Your objective: In the entries that follow, the lines from the one with "Men's Tall Sweatpants in Grey Mix" through the one with "oannao Silicone Cooking" are the ones to write out, exactly and with both ends included. Nothing else should appear.

Given entries:
● ● ● ●
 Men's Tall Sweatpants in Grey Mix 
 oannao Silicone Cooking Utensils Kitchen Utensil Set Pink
● ● ● ●
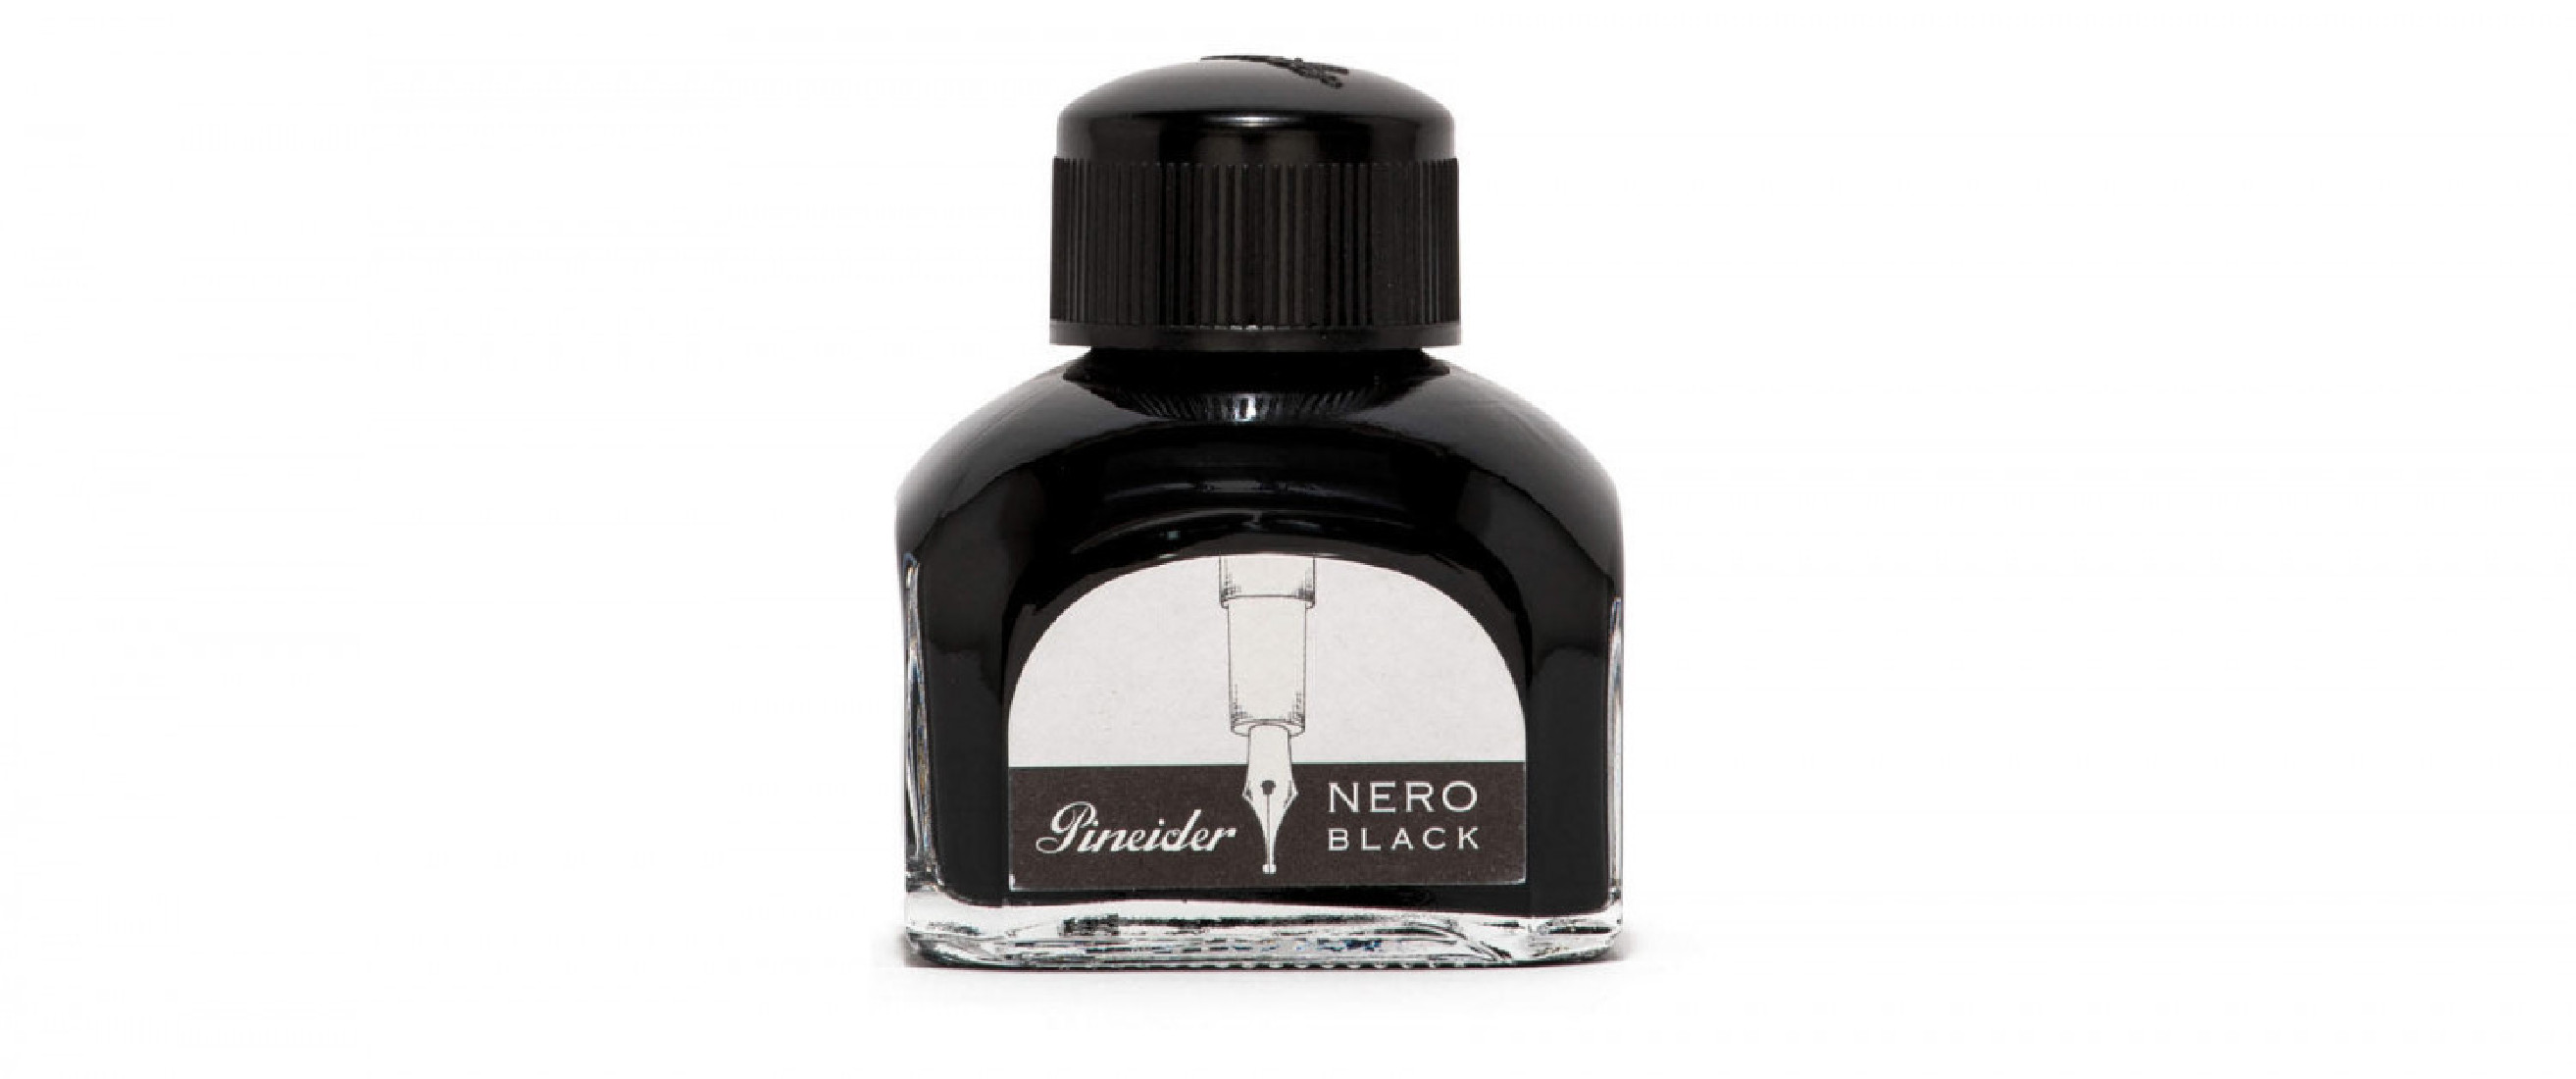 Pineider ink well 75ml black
● ● ● ●
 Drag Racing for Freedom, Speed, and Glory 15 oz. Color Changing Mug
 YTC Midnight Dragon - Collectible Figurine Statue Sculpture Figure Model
● ● ● ●
Expected answer:
 Men's Tall Sweatpants in Grey Mix 
 oannao Silicone Cooking Utensils Kitchen Utensil Set Pink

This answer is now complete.